By Ed Staskus
When I lived on the west end of North Collinwood there wasn’t anything unusual about a dog barking. What was unusual was barking that never stopped. The dog was an American pit bull chained all day long to a stake in a front yard two houses down. He was a full-grown pooch, tan with a white chest. At night he vanished and the street was quiet.
Nobody liked the barking, but nobody worked up the courage to say anything.

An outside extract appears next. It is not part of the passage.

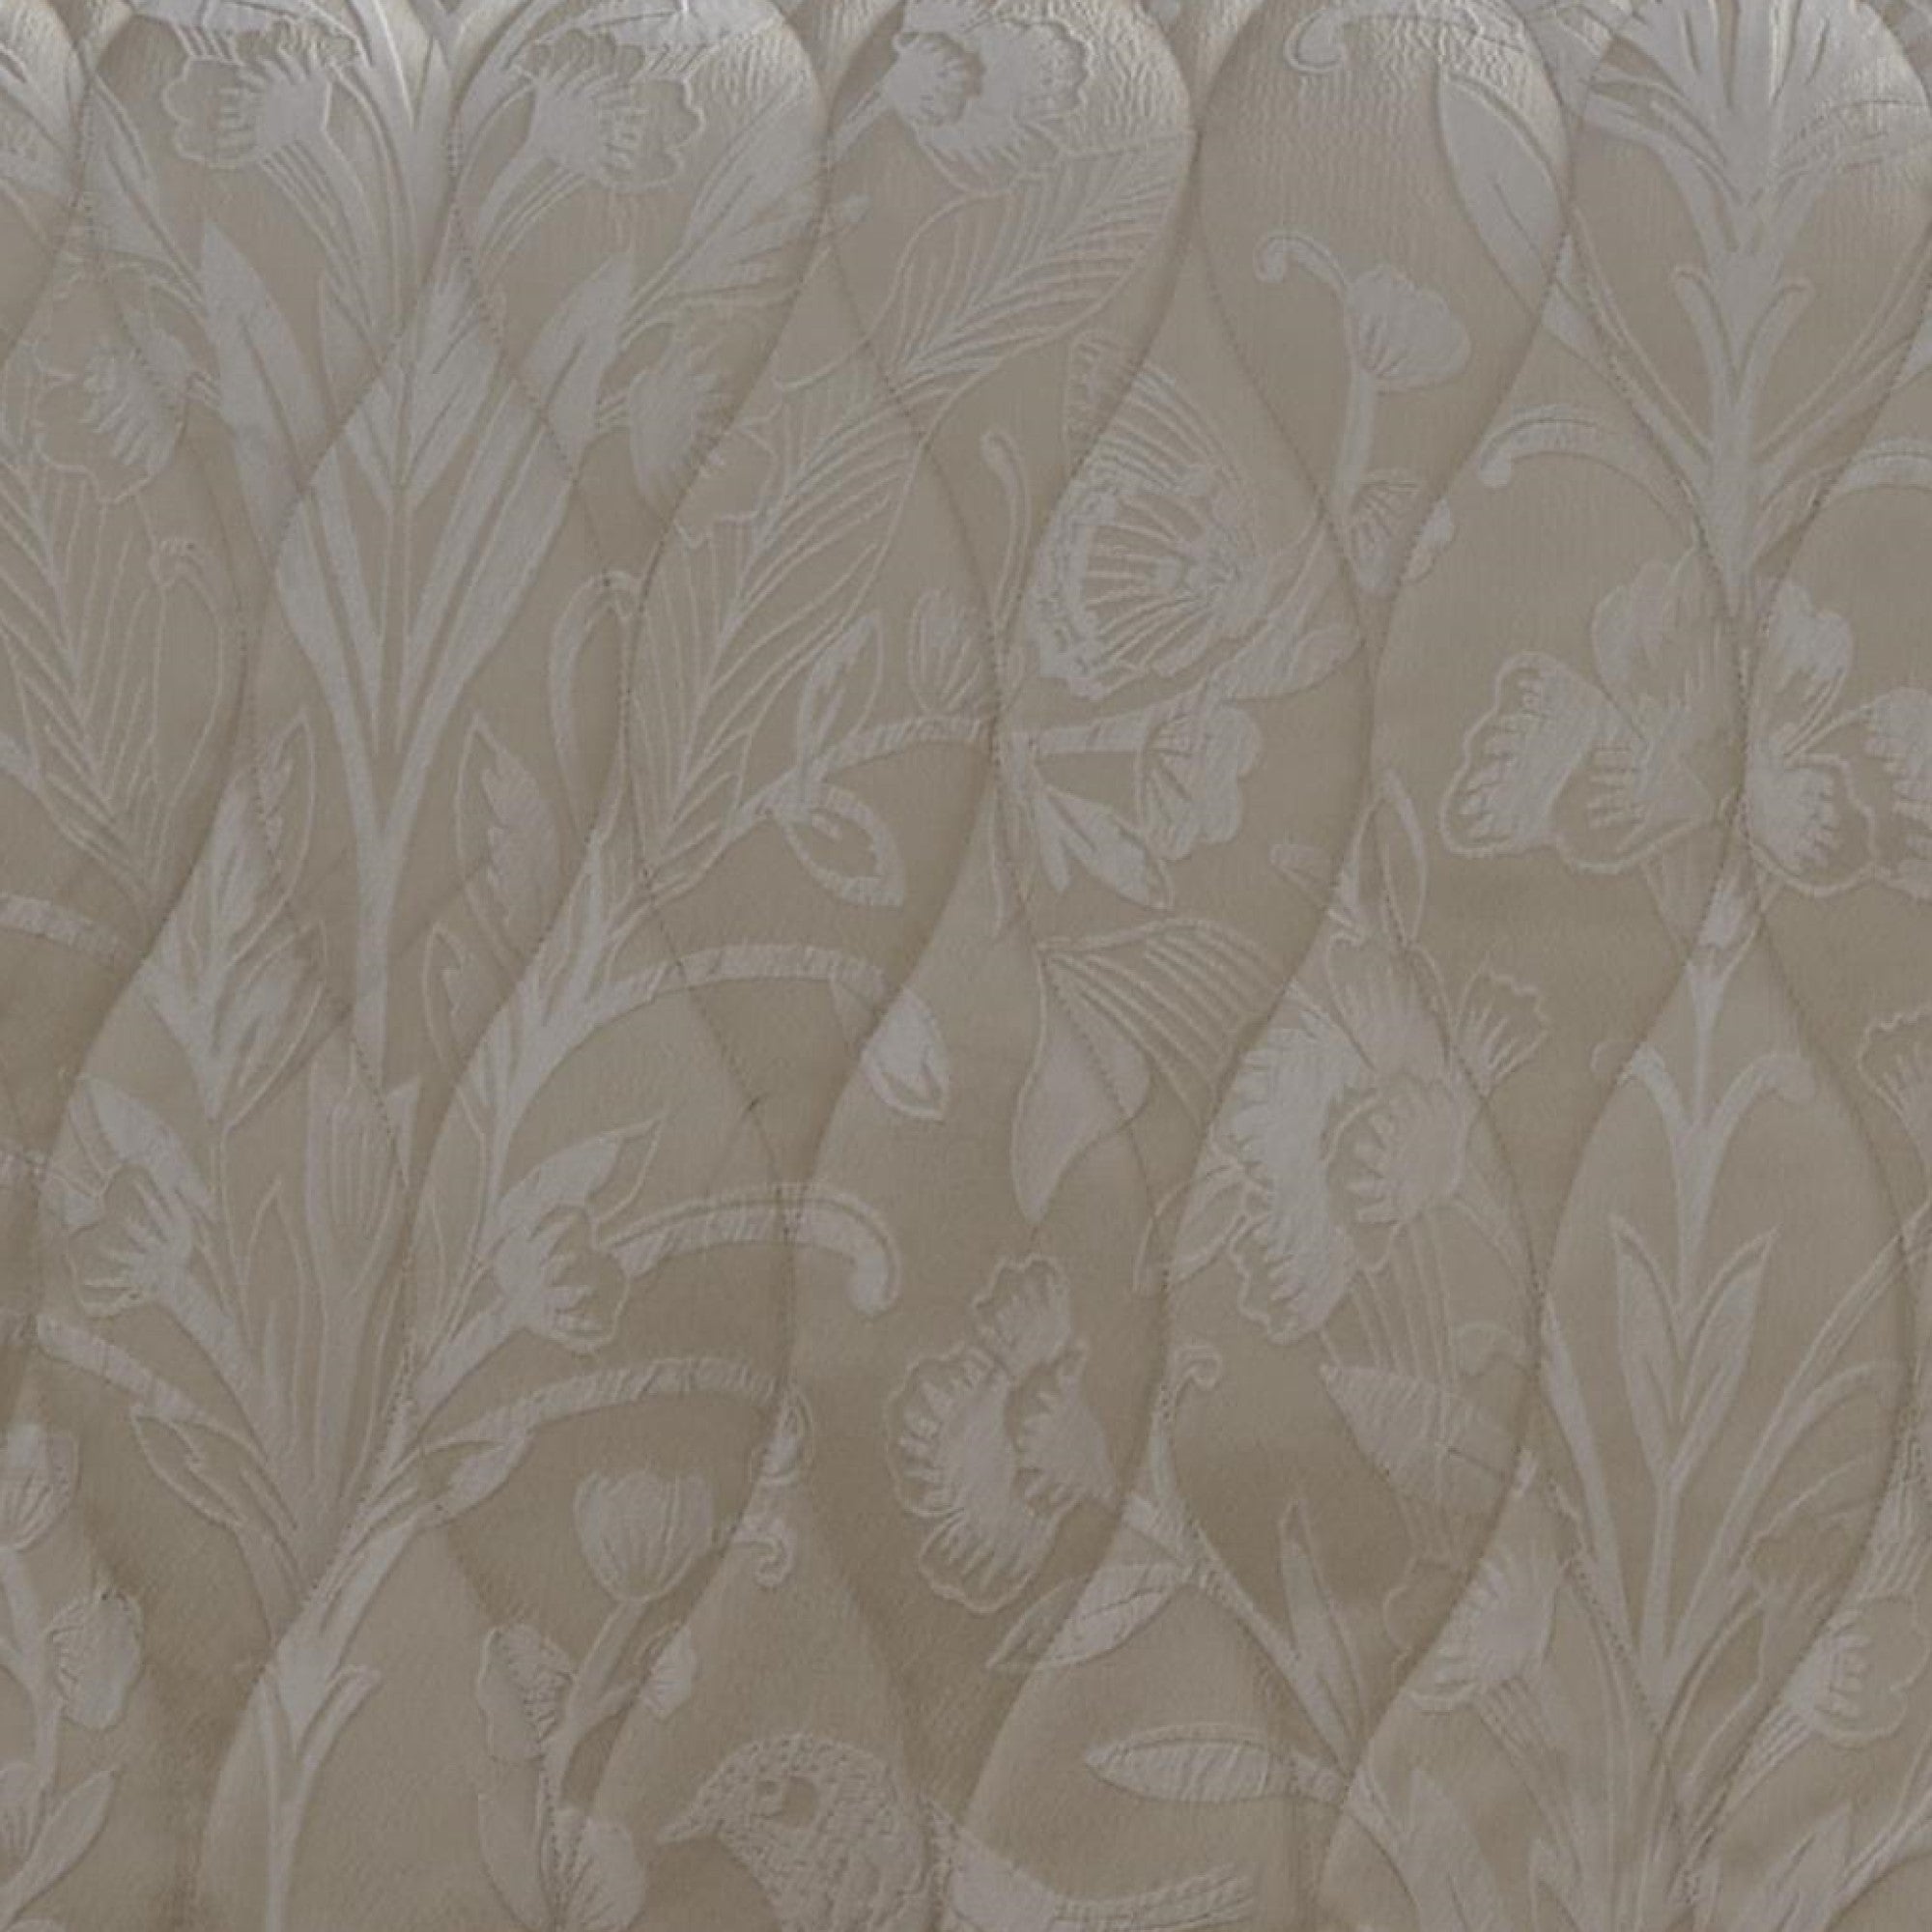 Bedspread Elysia by Appletree Heritage in Champagne

I walked my brother’s dog every day and night and avoided the barker, going the other way. There was no point to messing with a bad attitude. One day I was absent-minded and there we suddenly were in front of him. He was so surprised he didn’t make a peep. We crossed the street. He started barking up a storm. Before I knew it, he jerked lunged and pulled the stake out of the ground. In an instant he was running across the street at us snarling and raging, the metal stake on the chain kicking up sparks behind him on the concrete.

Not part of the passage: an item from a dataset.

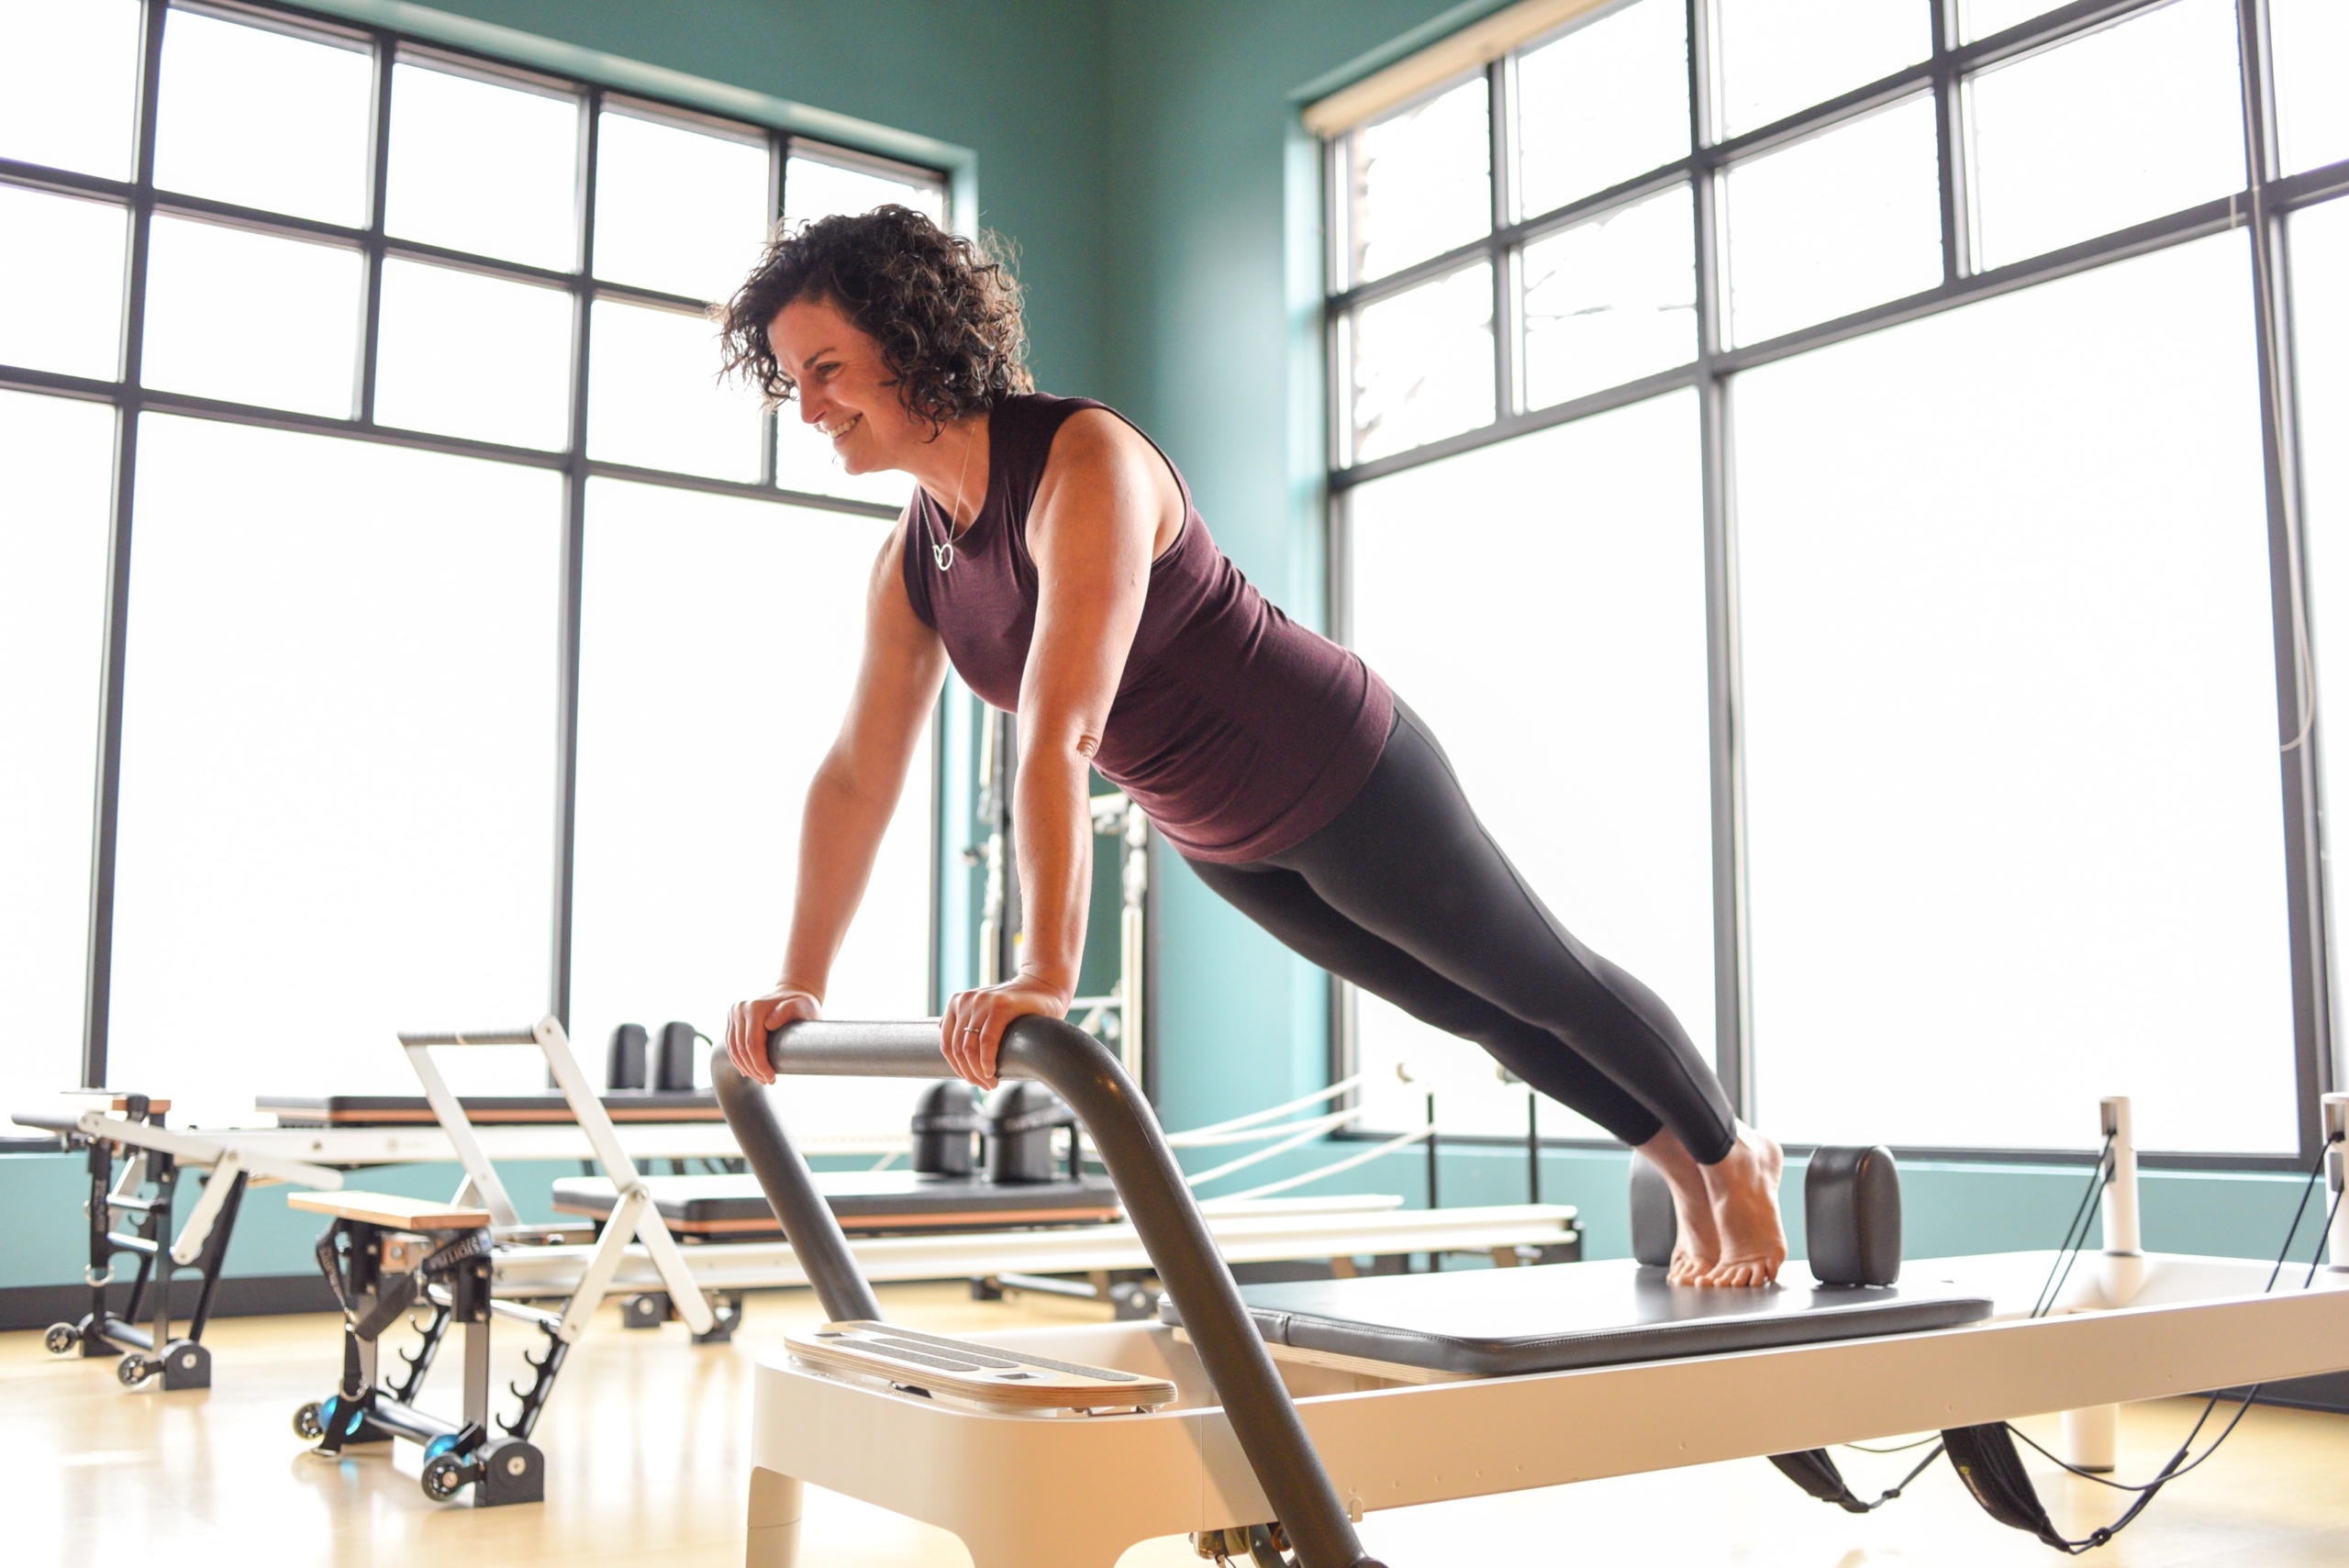 Why did you decide to become Pilates instructors?

The west end of North Collinwood butts up to Bratenahl, which is its own posh enclave six miles from downtown Cleveland. The two neighborhoods couldn’t be more different. In the mid-1970s Bratenahl’s median household income was wondrous and North Collinwood’s median household income was lousy.

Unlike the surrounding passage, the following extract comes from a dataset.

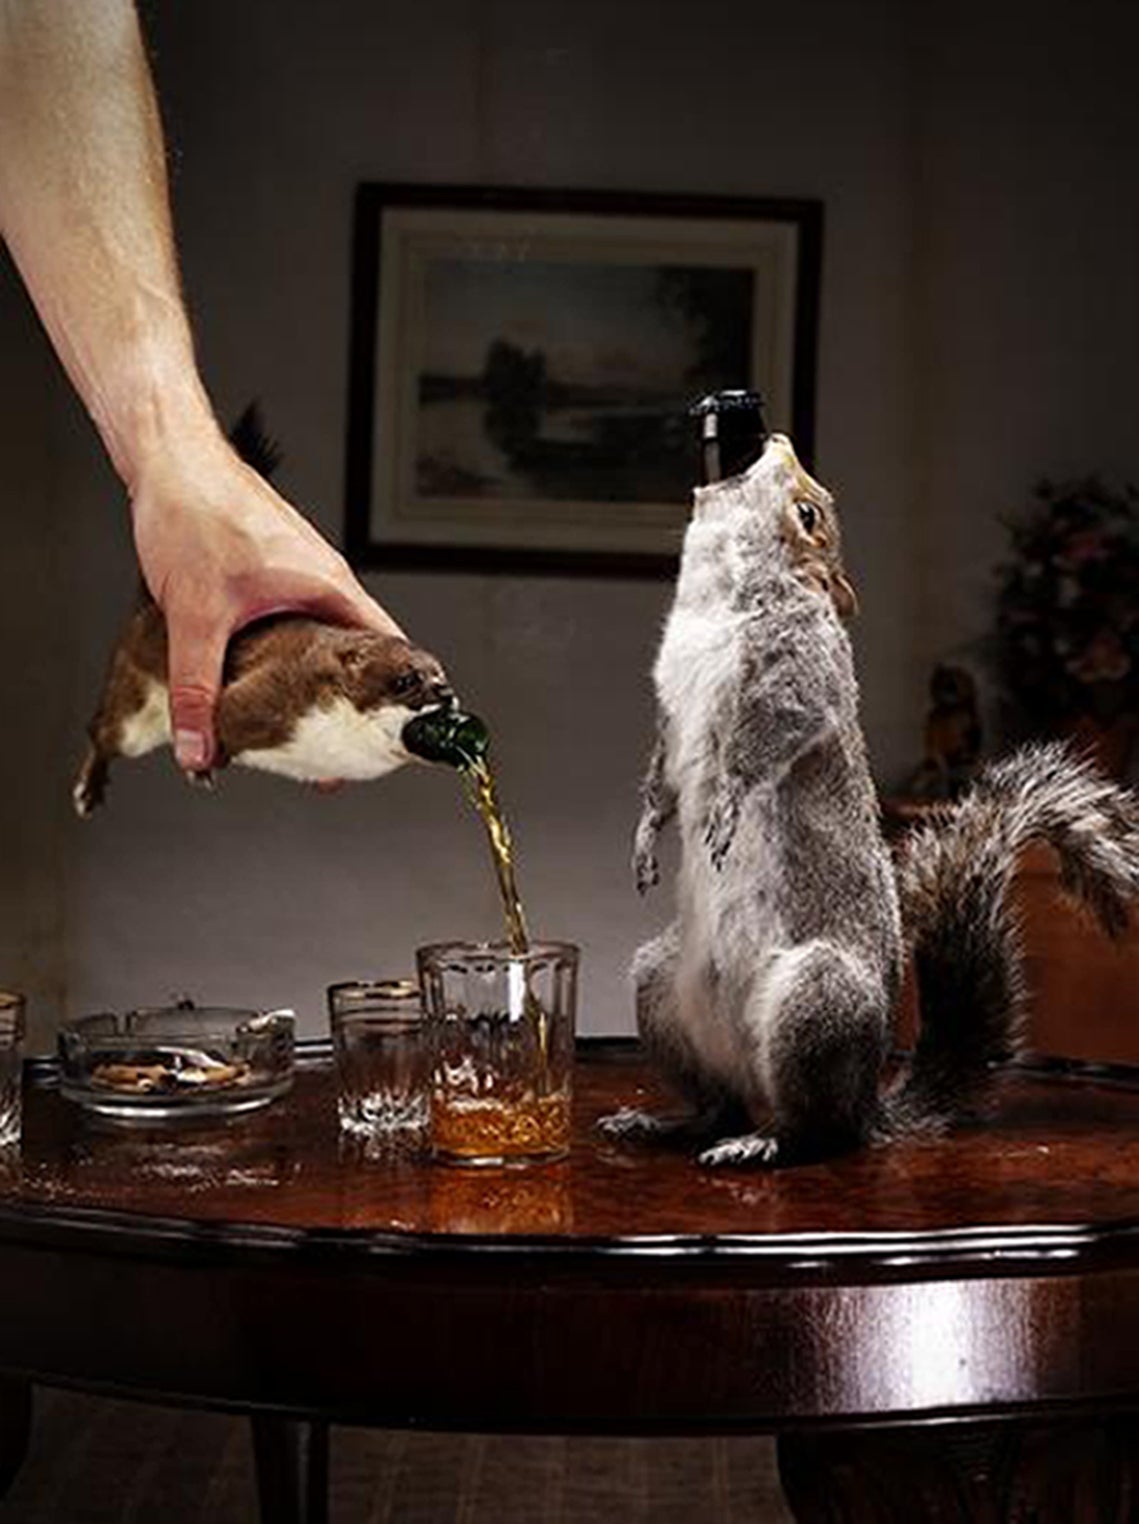 BrewDog’s unveiling of a beer served out of taxidermy animals ruffled some feathers with its 55 per cent strength and £500 price tag and... well, its delivery

A thousand-some people live in Bratenahl within one shady square mile. Twenty thousand-some people live in North Collinwood within three close-knit ethnic square miles. A two-bedroom two-bath unit in the Bratenahl Towers nowadays sells for between 300 and 400 hundred thousand dollars. There is a $1,000 monthly maintenance fee. A three-bedroom three-bath house in North Collinwood sells for a hundred thousand and change. Maintenance is up to you.
Bratenahl is a village on the south shore of Lake Erie. It is one of Cleveland’s oldest streetcar suburbs, strategically cut off from the city to the south by railroad tracks and the Memorial Shoreway, bordered by Gordon Park on one side and the Northeast Yacht Club on the other side. The village police station is on the road that dips under the highway and becomes East 105th St, the main north south artery in Glenville. Bratenahl is 98% white while Glenville is 98% black. The neighborhood is notorious for the late-60s Glenville Shootout, back when bussing was making headlines and racial tensions were boiling over.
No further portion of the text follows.